_DATA BLOCK_.
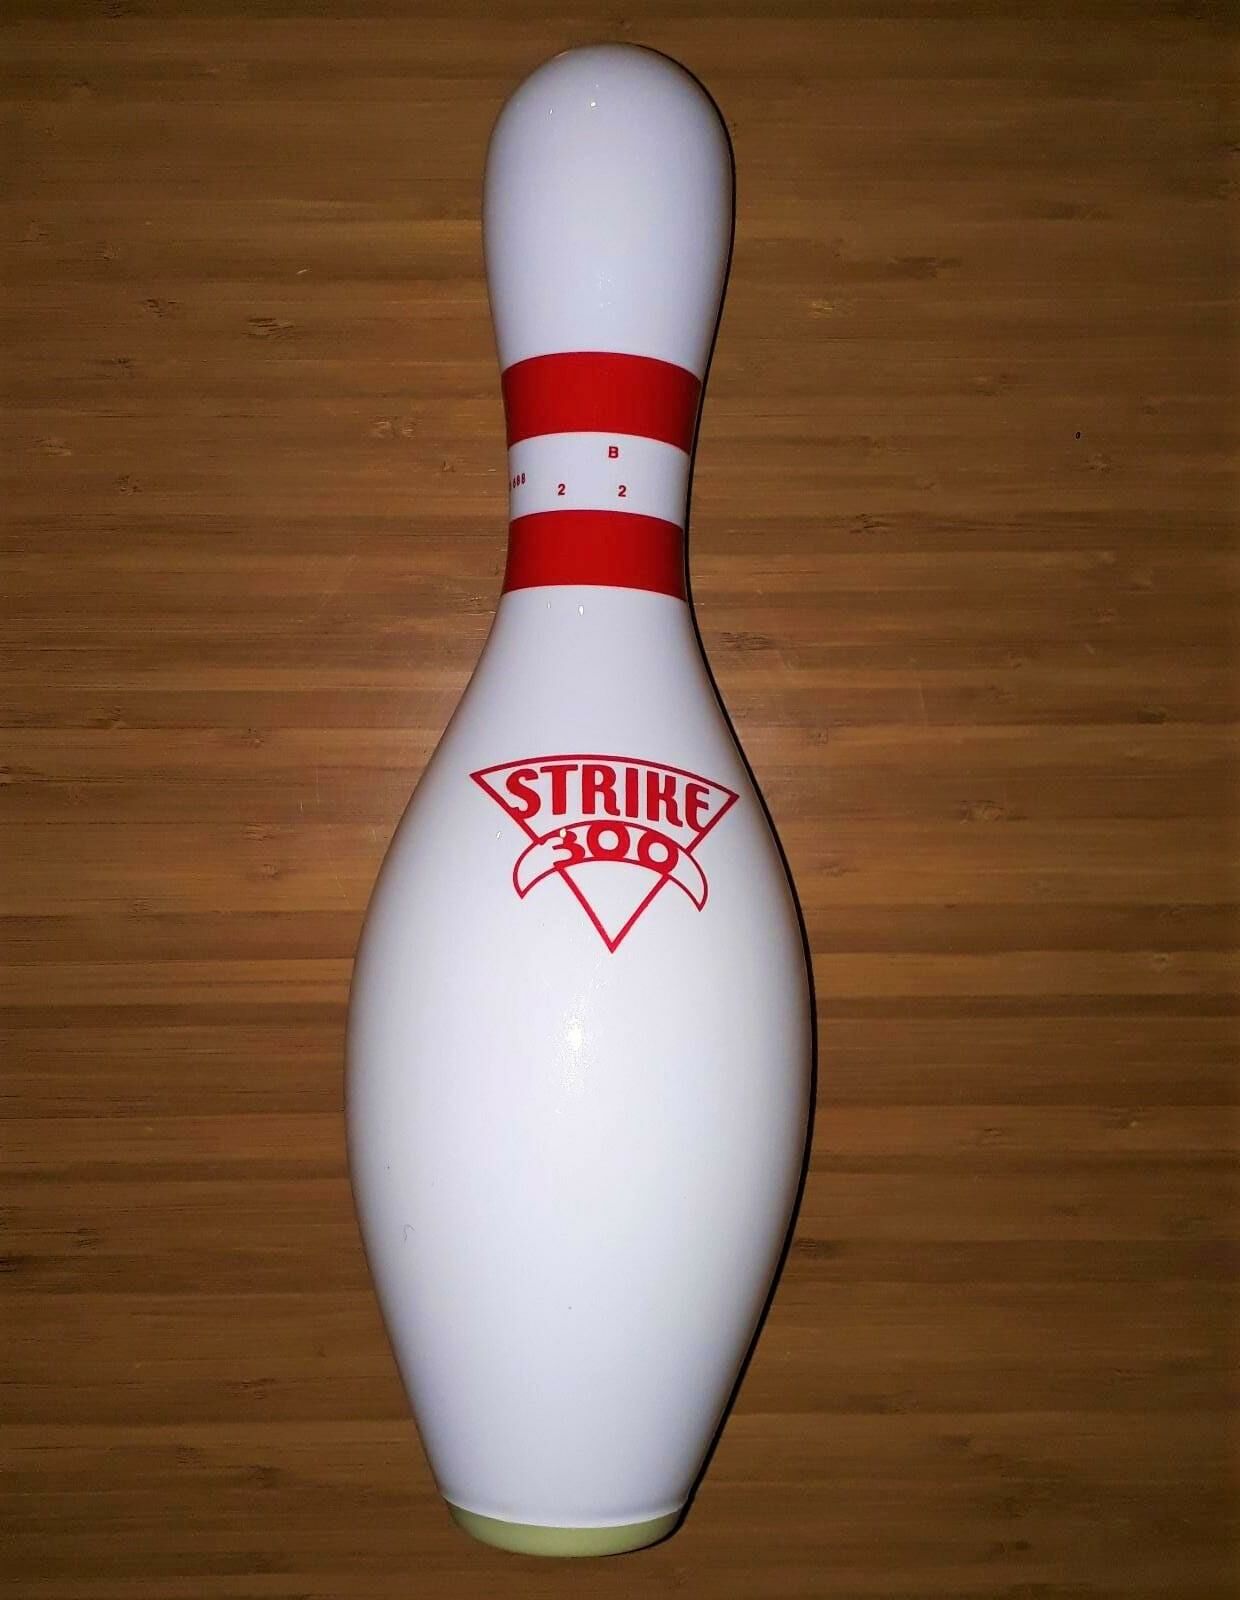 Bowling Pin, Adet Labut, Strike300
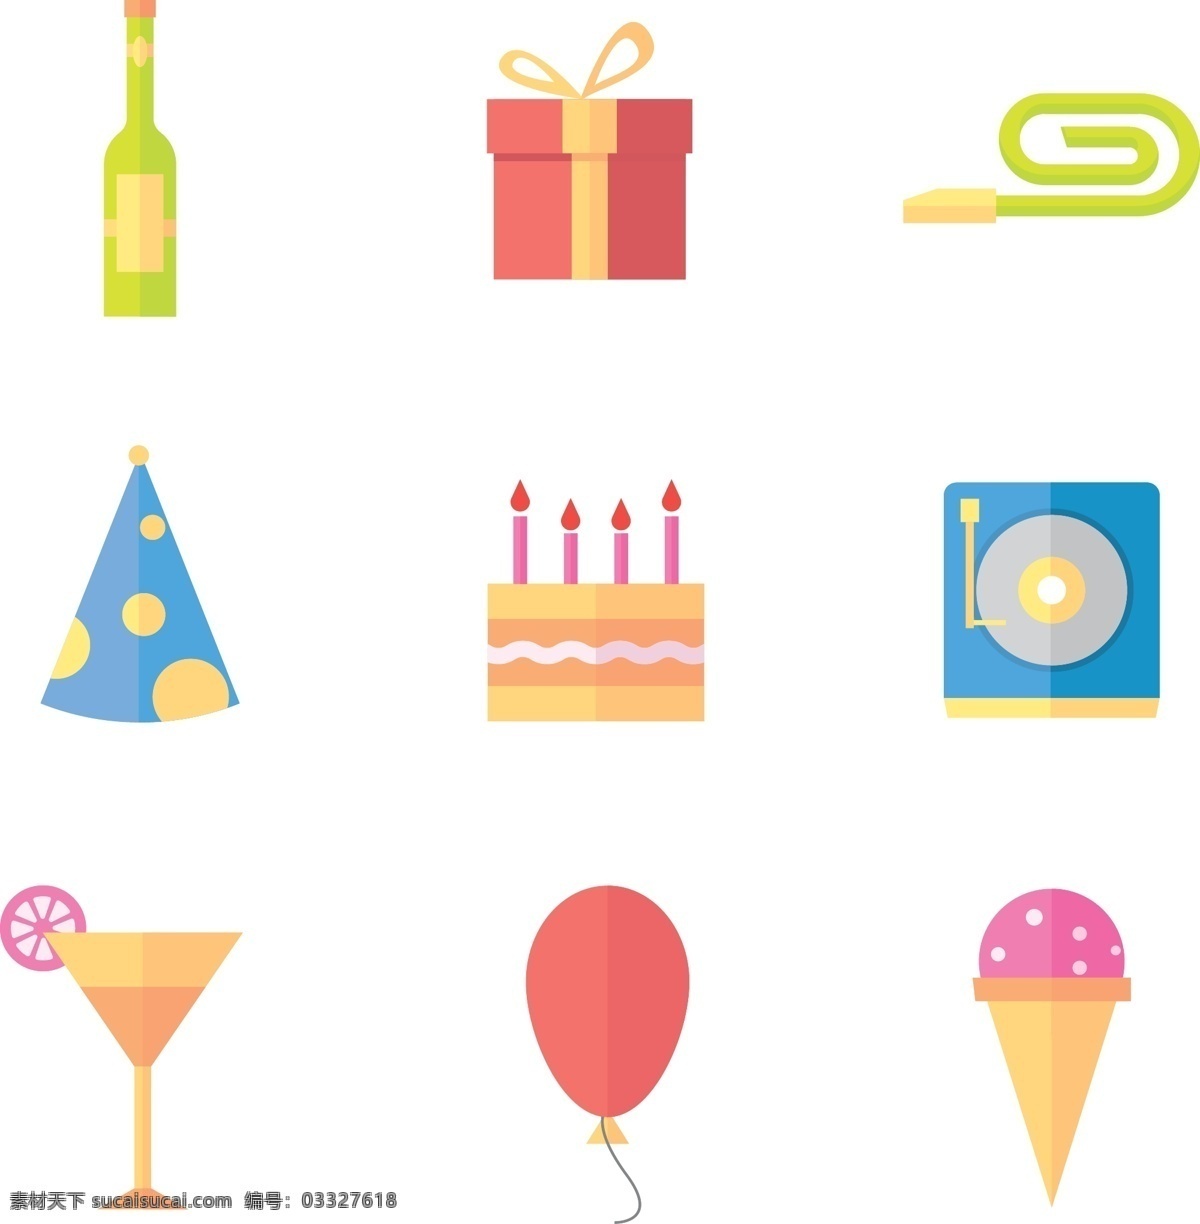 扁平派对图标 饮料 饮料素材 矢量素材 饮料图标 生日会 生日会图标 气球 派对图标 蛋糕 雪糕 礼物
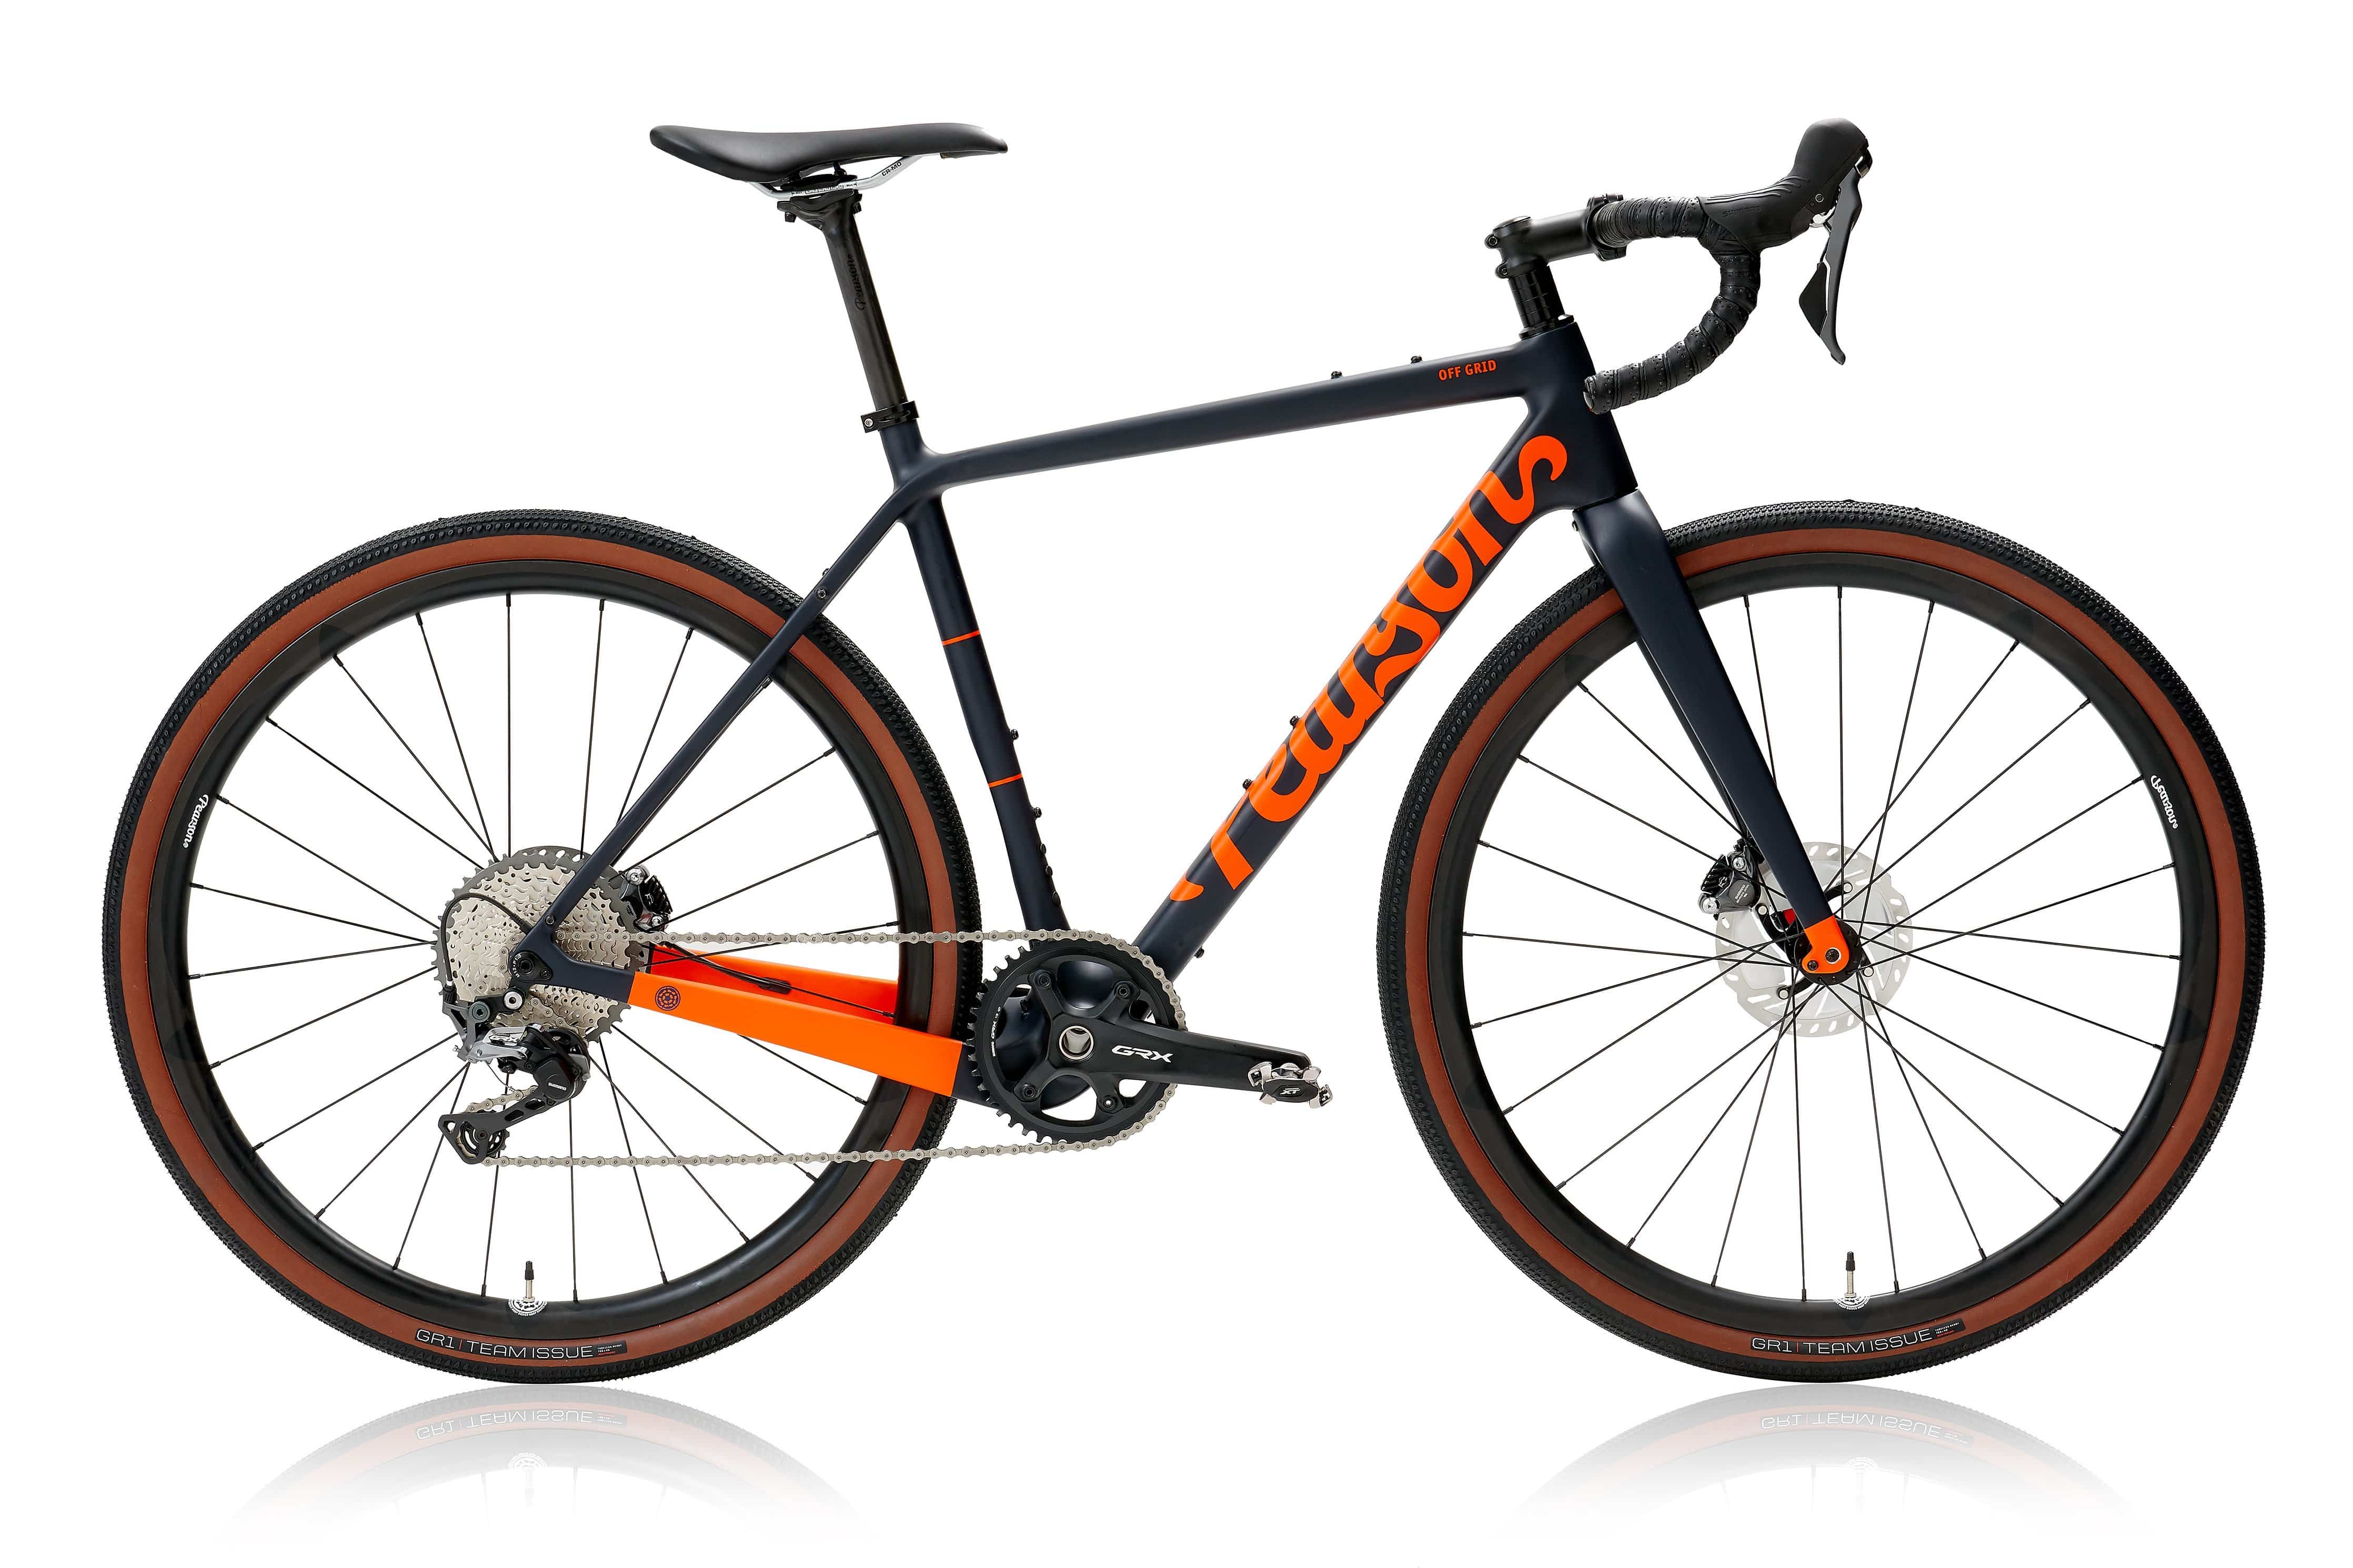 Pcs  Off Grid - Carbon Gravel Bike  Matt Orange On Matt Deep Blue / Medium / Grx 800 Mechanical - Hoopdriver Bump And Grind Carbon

_WHAT TO WORK ON_.
What you need to retype is every line from the one that has "扁平派对图标 饮料 饮料素材" through the last line of the listing, both included, with the pictures left out.

_YOUR SOLUTION_.
 扁平派对图标 饮料 饮料素材 矢量素材 饮料图标 生日会 生日会图标 气球 派对图标 蛋糕 雪糕 礼物
 Pcs  Off Grid - Carbon Gravel Bike  Matt Orange On Matt Deep Blue / Medium / Grx 800 Mechanical - Hoopdriver Bump And Grind Carbon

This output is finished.